Pajenekang Island

Geography
- Coordinates: 04°58′09″S 119°19′40″E﻿ / ﻿4.96917°S 119.32778°E
- Area: 0.04 km^{2} (0.015 sq mi)

Administration
- Indonesia

Demographics
- Population: 2700
- Pop. density: 67,500/km^{2} (174800/sq mi)

= Pajenekang Island =

Island in South Sulawesi Province, Indonesia

Pajenekang locally referred to as Pulau Pajenekang, is a small inhabited island located within the Spermonde Archipelago, off the western coast of South Sulawesi, Indonesia. Nestled in the Makassar Strait, it falls under the administrative jurisdiction of Mattiro Deceng village, within the Liukang Tupabbiring subdistrict, part of the Pangkajene dan Kepulauan regency. The island is one of many coral islets that shape the marine landscape of southern Sulawesi, a region renowned for its rich biodiversity and the presence of traditional fishing communities.

Covering an area of approximately 56,479 square meters (5.6 hectares) and rising just 6 meters above sea level, Pajenekang is classified as a coastal islet. Its geographic coordinates are 4°58′8″ south latitude and 119°19′41″ east longitude. Surrounded by shallow waters, white sandy beaches, and vibrant coral reefs, the island offers ideal conditions for artisanal fishing, seaweed farming, and marine ecotourism. Its proximity to neighboring islands facilitates inter-island trade and community mobility, reinforcing its role as a hub of local maritime activity.

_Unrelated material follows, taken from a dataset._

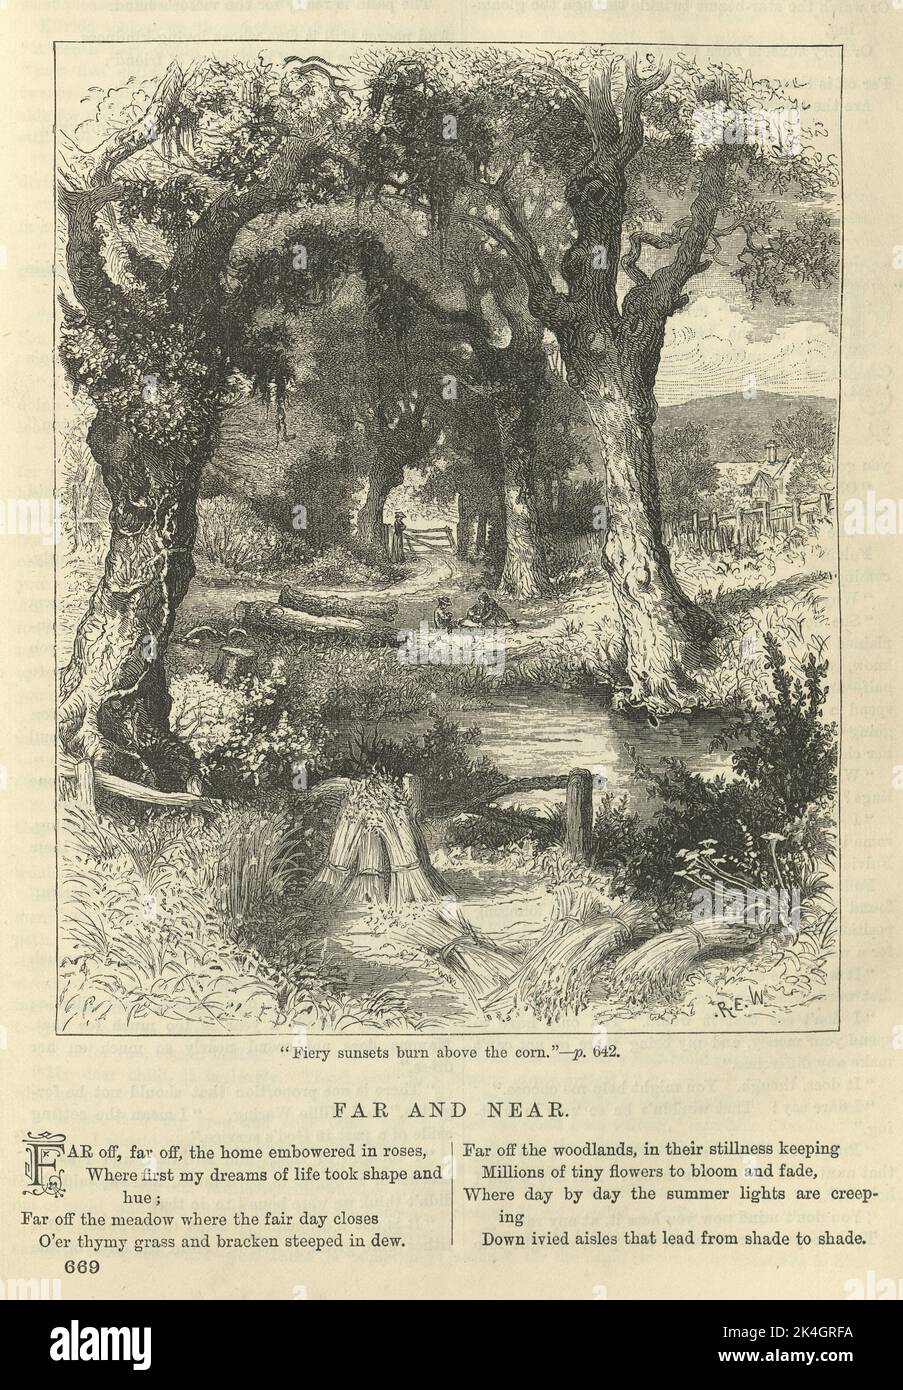 Illustration pour le poème victorien Far and Near, 1870s, 19th Century, champ de blé, chemin des bois, Paysage rural Banque D'Images

Since 2015, Pajenekang has been designated as part of the Regional Marine Conservation Area (Kawasan Konservasi Perairan Daerah) of the Pangkajene dan Kepulauan district, as formalized by Bupati Resolution No. 290. This legal framework aims to safeguard marine ecosystems, promote sustainable fishing practices, and preserve coastal biodiversity. The island's inclusion in this conservation zone reflects the local government's commitment to balancing economic development with environmental stewardship, particularly in regions vulnerable to climate change and resource depletion.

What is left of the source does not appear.